In the end, the craftiness of Roxie and Billy Flynn win the day, and both Roxie and Velma are freed.  Although they have always been rivals, their effervescent utilitarian instincts lead them to team up and form their own singing and dancing team.  In this dreamworld, at least, there is a happy ending.

Almost all the songs in the film feature spectacular dancing, including impressive dancing by Renée Zellweger, Catherine Zeta-Jones, and Richard Gere. Usually, Broadway musical choreography is designed to be seen from the distance by a seated audience in a theater.  So when the film version is made, it is natural to show much of the dancing in long shots and relatively long takes.  Here in Chicago, however, the dances are shown with frequent closer-in shots and lots of tight editing.  This is all done very skillfully so that the fluid flow of the dancing is maintained and even enhanced.  I have not seen Bob Fosse’s choreography for the stage production of the musical, but I can say that Rob Marshall’s choreography here in this film is superb.  It is particularly attuned for the cinema and greatly contributes to the emotive narrative flow.

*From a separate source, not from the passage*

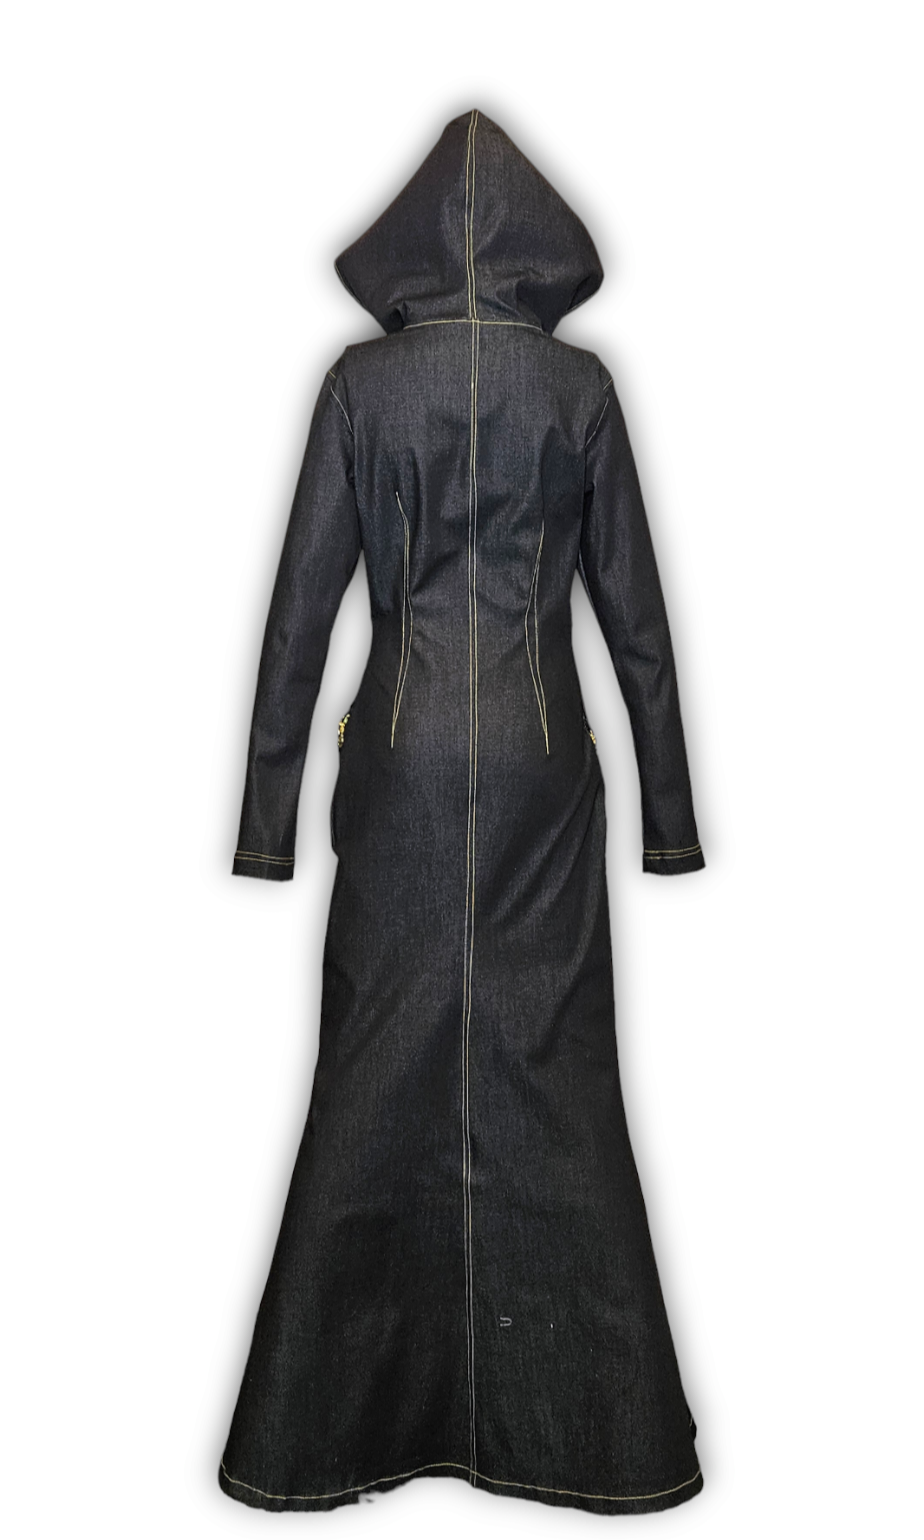 Denim Dress with Hood, and Front Zipper

Although the acting in the film is perforce exaggerated, in line with the film’s overall expressionistic intent, the performances of the principal characters on the part of Renée Zellweger, Catherine Zeta-Jones, Richard Gere, Queen Latifah, and John C. Reilly are all very effective.  Crucial in this regard is the performance of Renée Zellweger, whose rubbery and emotive facial expressions, combined with her energetic sincerity, carried the emotional flow of the film (which was what this narrative was all about).  Although Catherine Zeta-Jones’s emphatic performance and dancing drew more critical praises, it was Zellweger who placed her signature stamp on this film.
★★★★

Notes:
  1. Roger Ebert, “Chicago”, RogerEbert.com, (27 December 2002).